Business is caught in what feels like a perpetual time-loop, where everything you do or plan is no longer part of an effective strategy propelled by the right tactical moves, but a series of repeating non-productive events you cannot control and for the near to mid-term future… cannot escape.
Today’s only solution to survival planning and tactical market response will be “micro-strategies” created day-to-day, week-to-week.
Instead of trying to build value by attempting to offer everything to everyone, it might be best to adopt a “care” or “concierge” strategy for the top 5 to 10 percent of your clients/customers. Those clients most likely to survive and those you can partner with in symbiotic co-dependance for mutual benefit.
Without the luxury of grand thinking about “trends,” we have to be able to react to the most nuanced daily indicators. Success requires making the right choices for today, and then forgetting what we’ve learned so we can be fully open to tomorrow’s challenges. "Tomorrow" is literally 24 hours away, no longer the trusted metaphor for the future.

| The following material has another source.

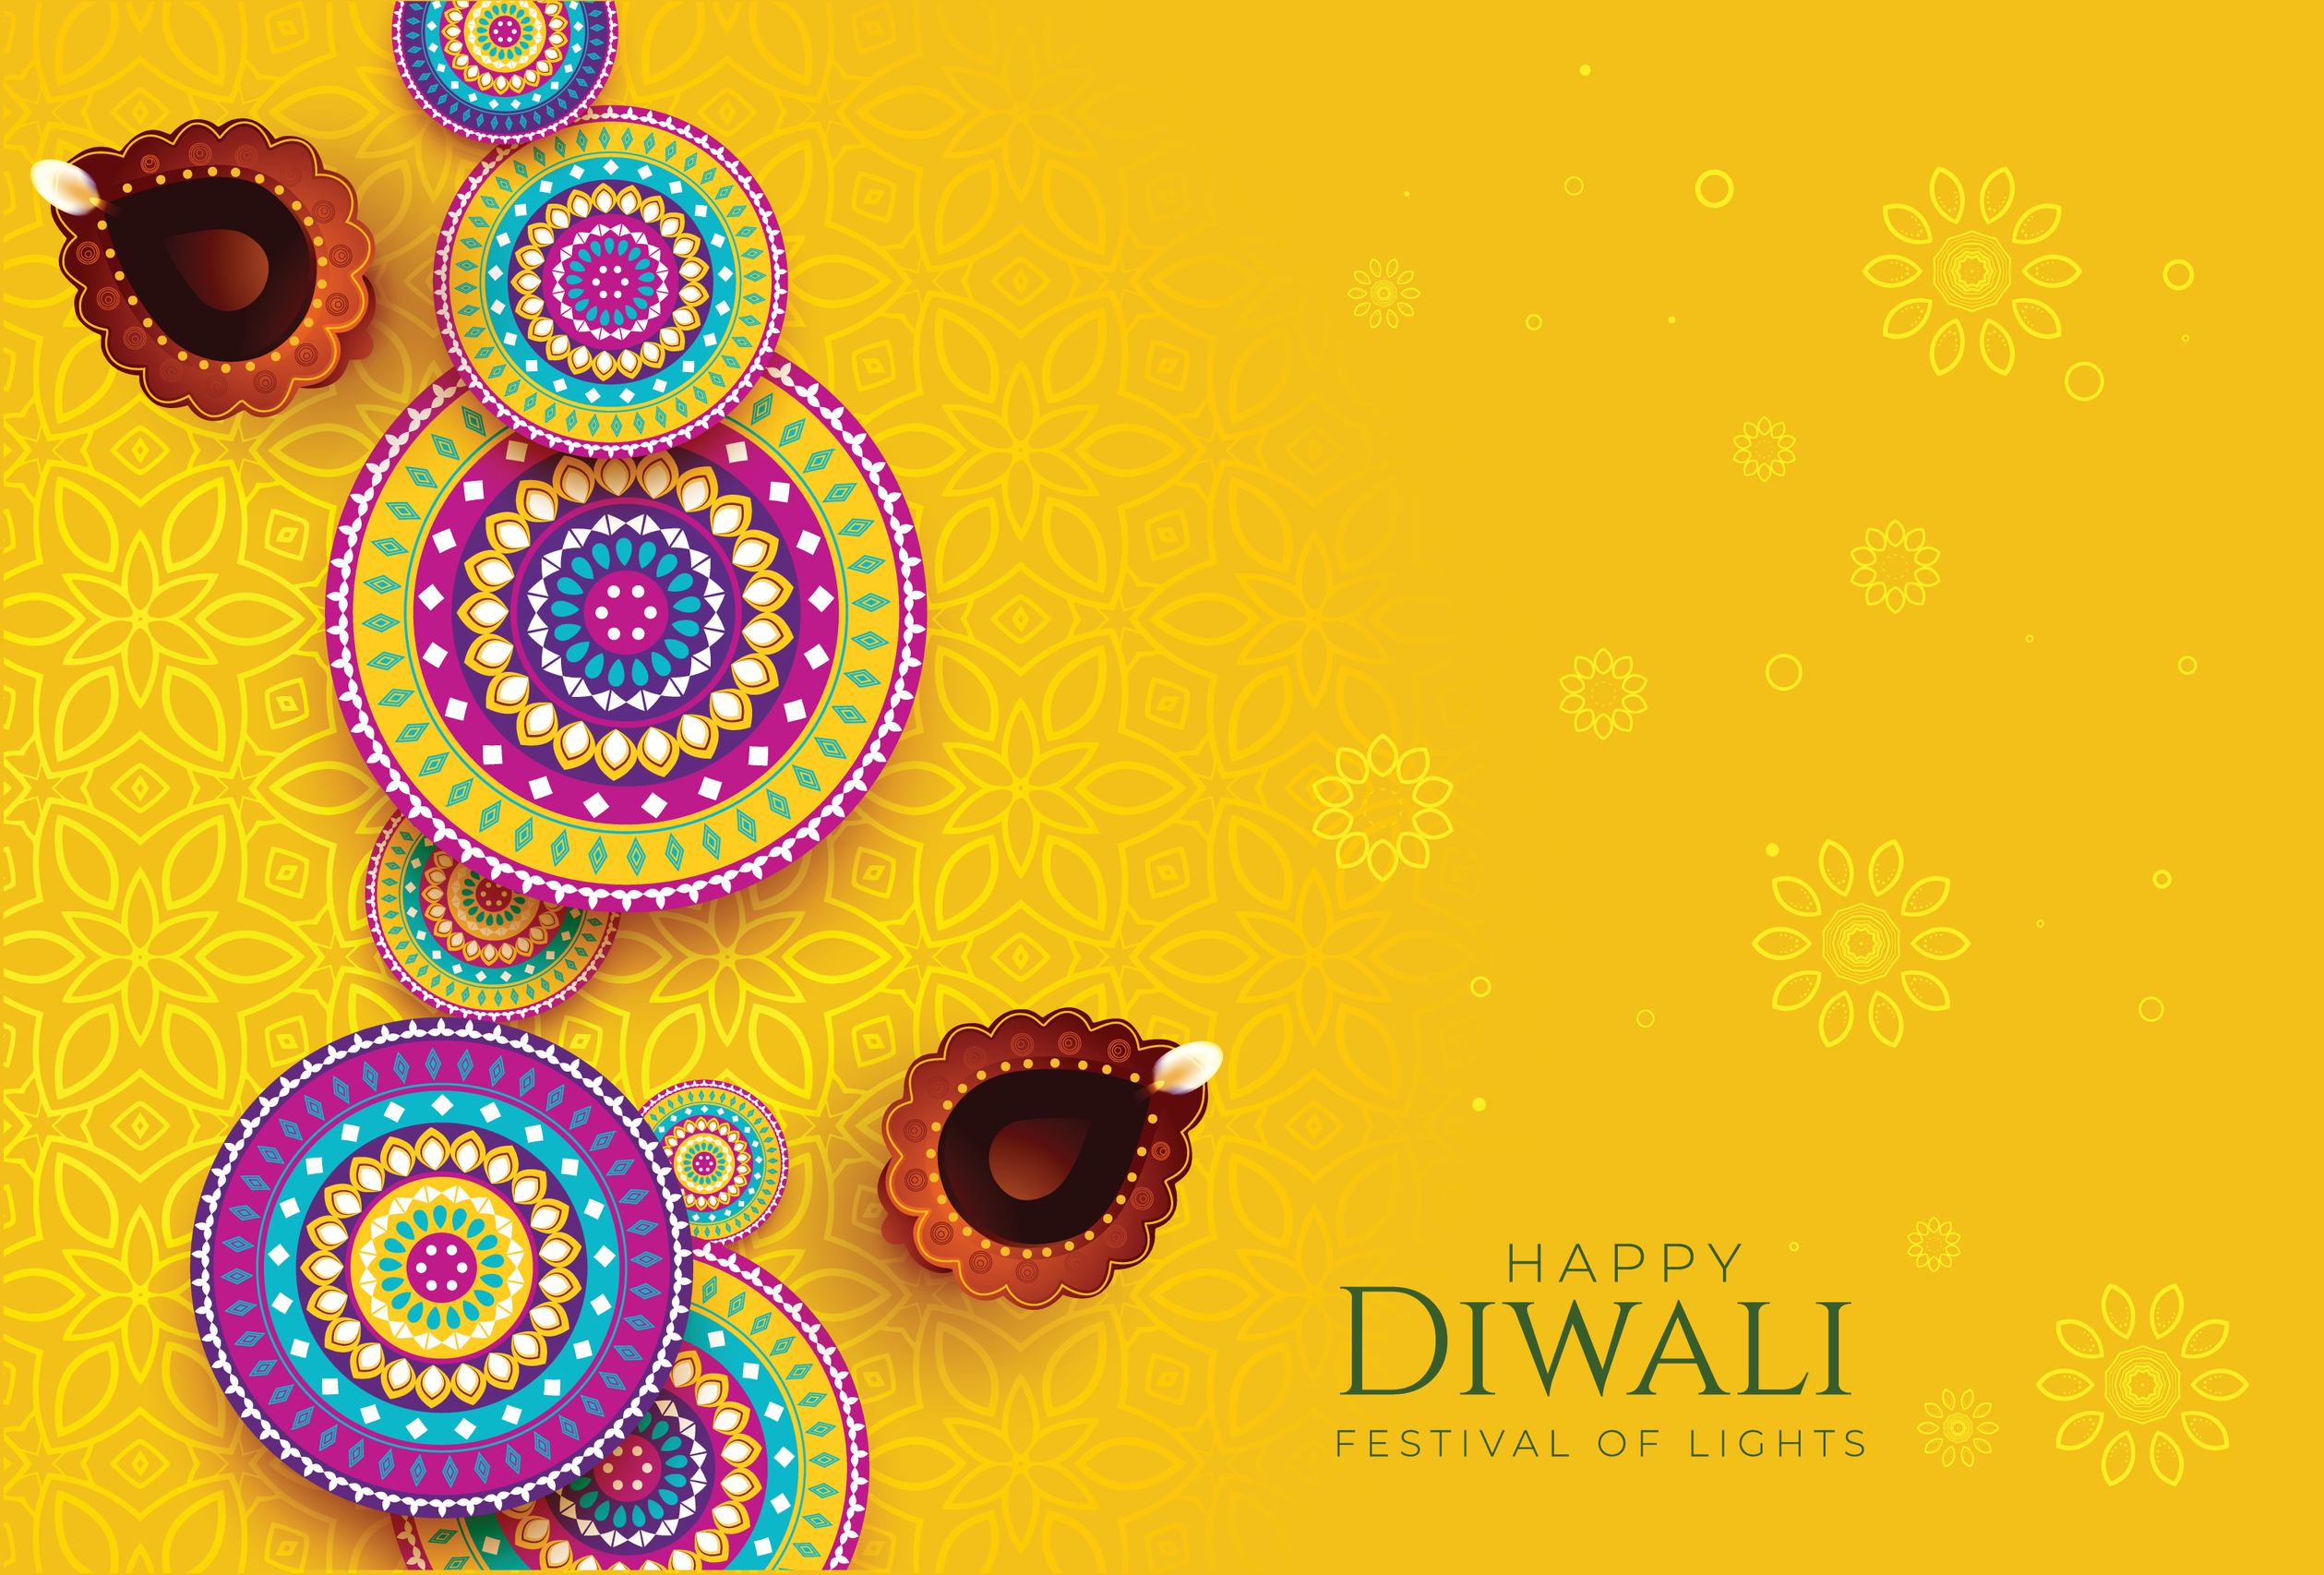 public/uploads/2020/09/Online-Diwali-Shopping-Tips-That-Can-Make-Your-LIfe-Earlier.jpg

Our immediate need is the ability to shift mindsets, not create or revise detailed five-year strategic plans. That’s why even the most dedicated business planners, unaccustomed as they are to immediate action instead of longer-term reaction, are paralyzed.
As we move through this “touchless period” toward frictionless commerce, we see traditional business barriers coming down, one hurdle at a time. No more need to enter a store or restaurant, you will eat your meal somewhere else. No more need for “hands on” service, unless of course those hands are wearing latex gloves. A “Now and Next” mindset creates the type of acceleration only dreamed of just two months ago.
It’s hard to build momentum or competitive advantage in a world defined by 100-hour increments, but we have an opportunity to “open source” the future, short as it may be, together.
Yesterday... that would have been an insane idea, but in the world of the “no normal,” what seemed crazy now seems more clear and possible.
The challenge for business leaders has shifted from making sure they have a durable strategy, to making certain they have a triage organizational model, capable of adjusting quite literally to whatever happens next.